NetZero Won't Be Going Anywhere Soon By S.P. Brown

It's all in the timing. Last fall, NetZero (NZRO) was fortunate enough to go public during the apex of IPO mania. The free Internet service provider hit the market in late September at $16 per share. However, once trading actually began, its shares nearly doubled to $27.75.

This investor love affair with all things new raged through February, during which time NetZero saw its shares rise to $40. Soon after, though, the bloom wilted and many of last year's hot IPOs found themselves as popular as David Duke at a B'nai B'rith gathering.

From $40 per share, the company's stock tumbled to a low of $5 as recently as April 17. Since then, its mildly recovered to around $9 per share.

The recovery was spurred by better-than-expected quarterly earnings. NetZero posted a third-quarter loss of $24.9 million, or $0.27 per share. A First Call survey predicted a lose of $0.30 per share.

Revenues during the quarter totaled $16.9 million, soaring 2,059 percent from $781,000 in the same year-ago period. Moreover, the company said it added more than 1 million registered users, bringing its total registered-user base to more than 4 million.

Also contributing to the recovery was telecom equipment maker Qualcomm (QCOM), which recently purchased a 10 percent stake in NetZero for $144 million, elevating the company's cash horde to $280 million. According to NetZero chief executive Mark Goldston, the company's monthly cash burn rate averages $7.25 million. Needless to say, the Qualcomm investment has bought the ISP additional time, which is becoming a rare commodity.
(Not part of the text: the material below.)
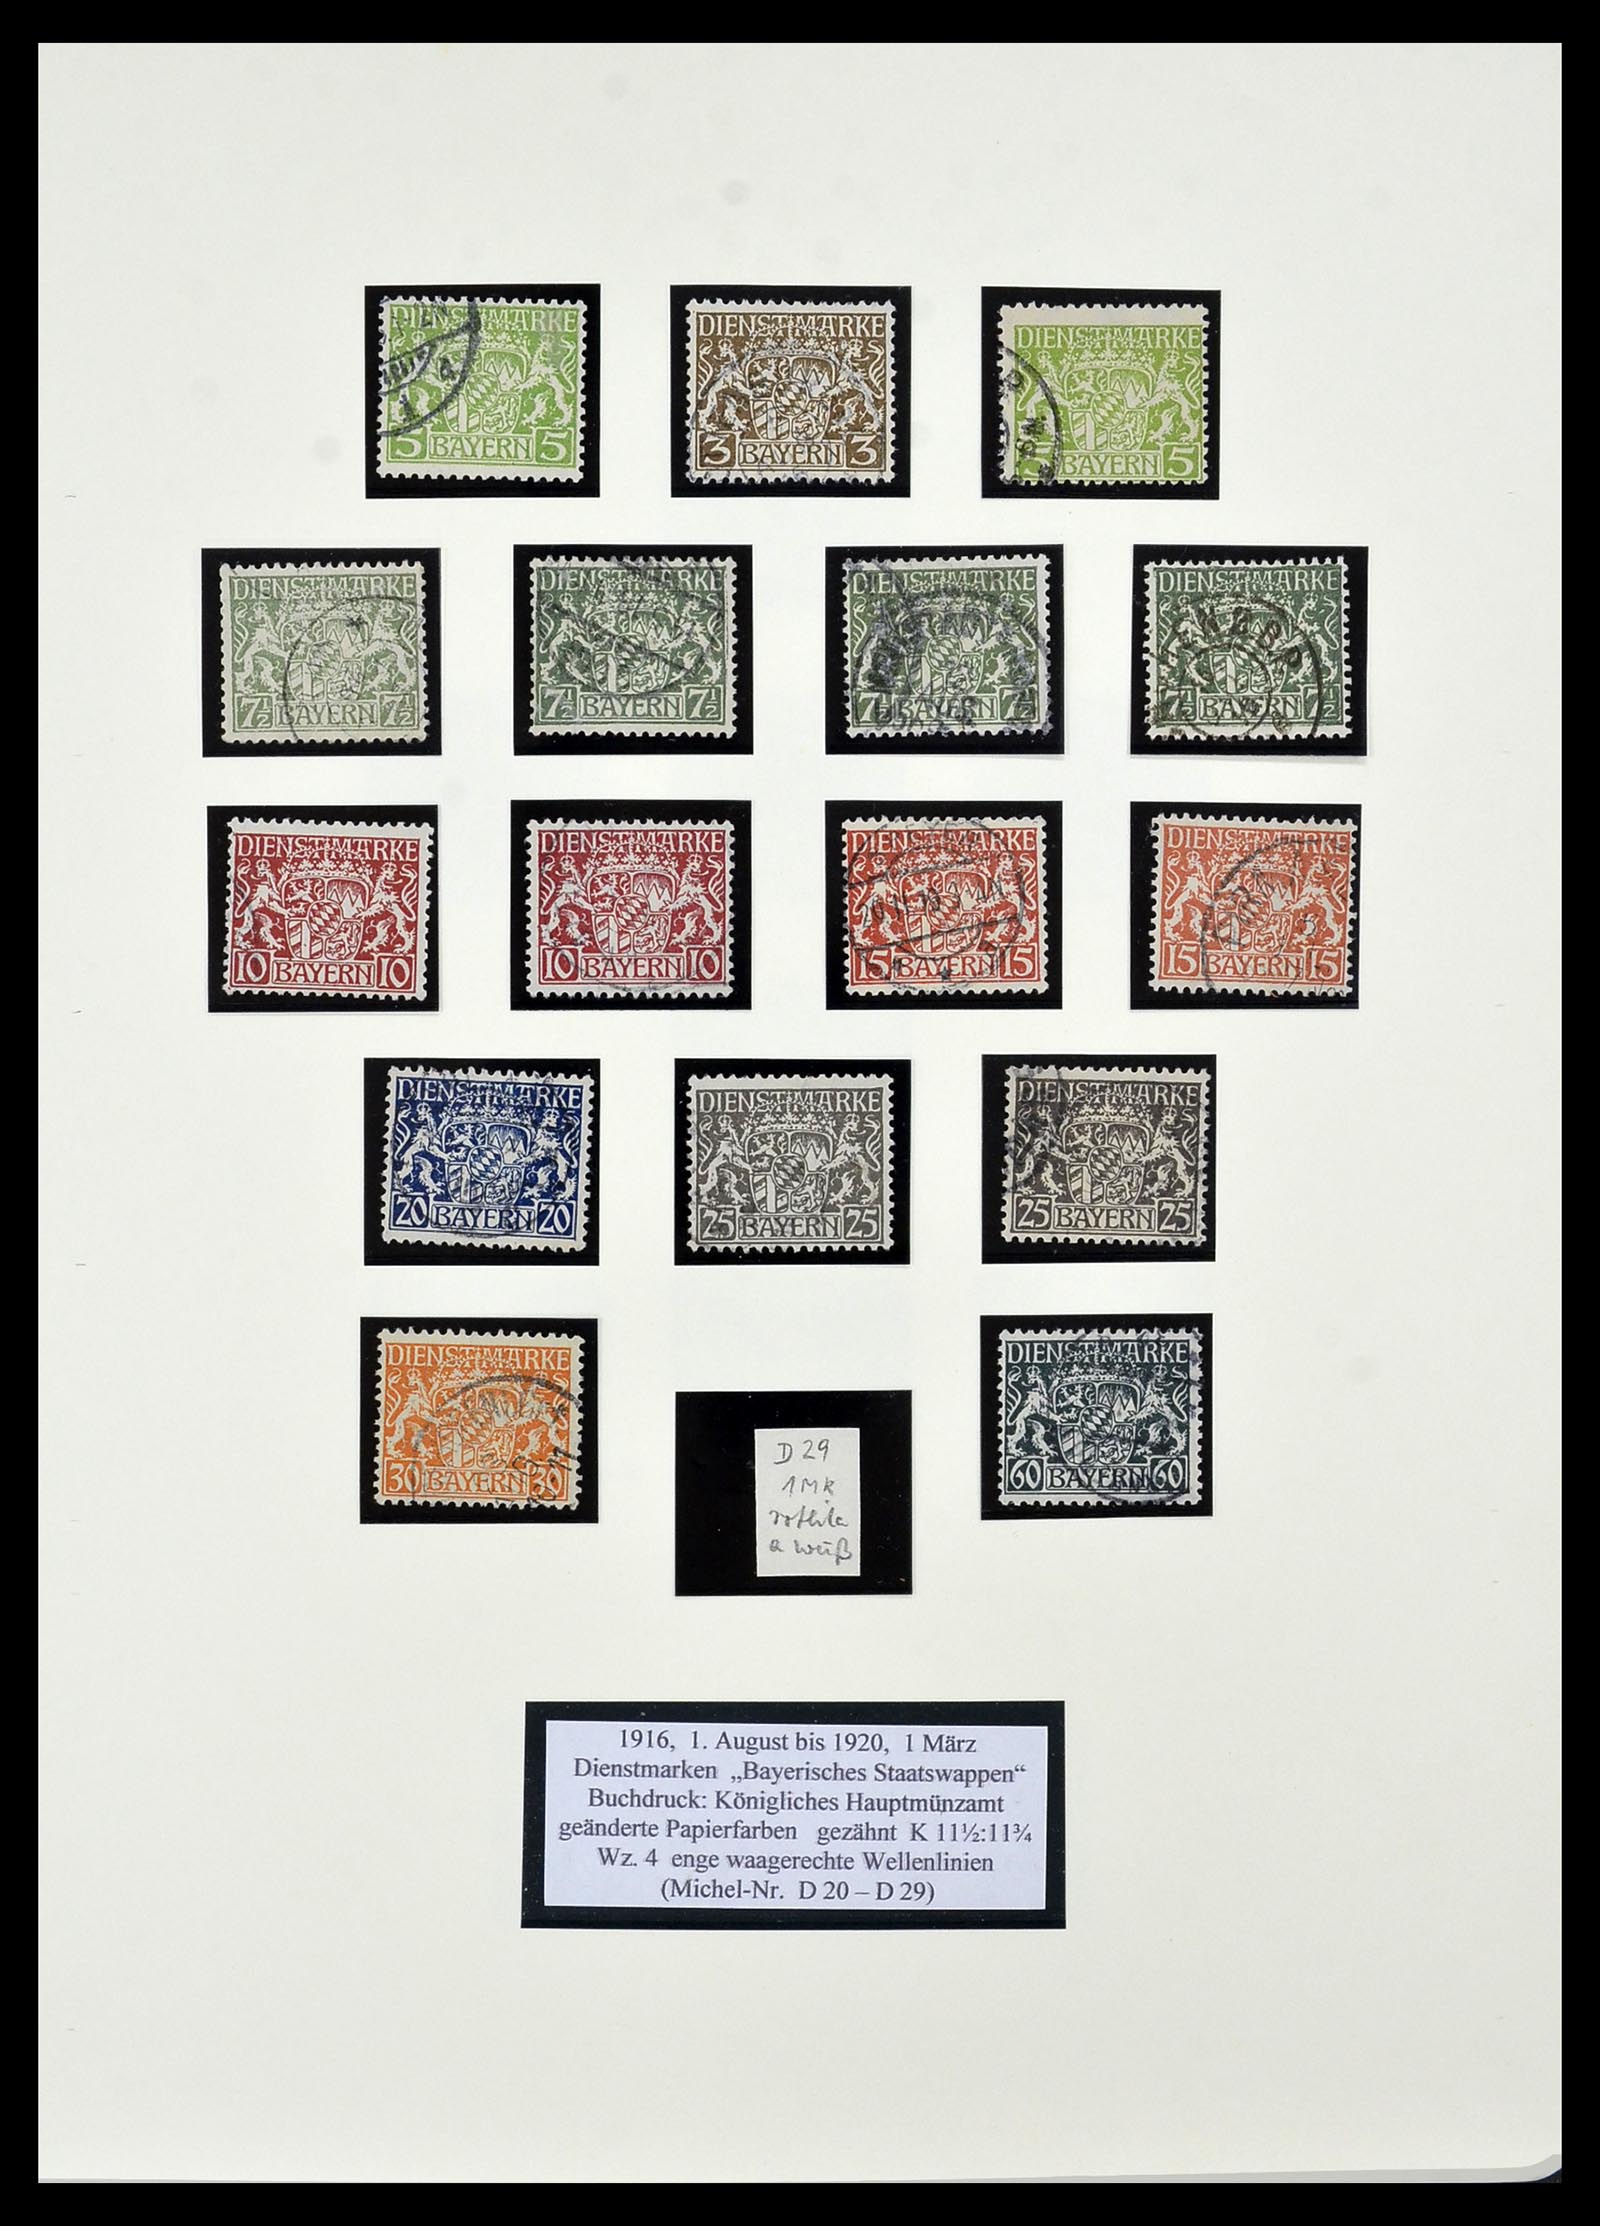 34159 038 - Postzegelverzameling 34159 Oud Duitse Staten 1860-1920.

It's time NetZero will surely need. Since going public last year, free ISP competition has intensified dramatically. In fact, over the past six months every major Internet portal has entered the fray.

If that weren't discouraging enough, the guys who actually charge for the service haven't been hurt by the ISP freebies. In its most recent quarter, America Online (AOL) boosted its membership 36 percent over the same year-ago quarter. The ISP giant now sports a membership base well in excess of 20 million. On top of that, the company actually makes money.

However, thanks to Qualcomm, NetZero now has enough cash on hand to become profitable, according to CEO Goldston.

I'm not so sure. Free ISP service is becoming as readily available as free e-mail service, and the competition is likely to intensify as more brick-and-mortar companies take to the service as a marketing tool. Already, discount retailer Kmart (KM) has partnered with portal king Yahoo! (YHOO) to provide free ISP service, as has Ace Hardware with Iwon.com.

And get this, when surfing in Yahoo or Iwon, that annoying little banner ad disappears.

One final thought. A lot of Internet company executives are quick to boast about their cash hoards and burn rates, despite demonstrating little ability to replenish that cash. Incredibly, many investors will invest in what amounts to a wasting asset that isn't "wasting" by returning cash directly to investors, i.e. a royalty trust.

With that said, I'm "burning" through my cash balance at a much slower rate than NetZero and many of the other free ISPs. If anyone wishes to invest in my cash balance at a multiple I deem appropriate, I'd be more than willing to sell shares.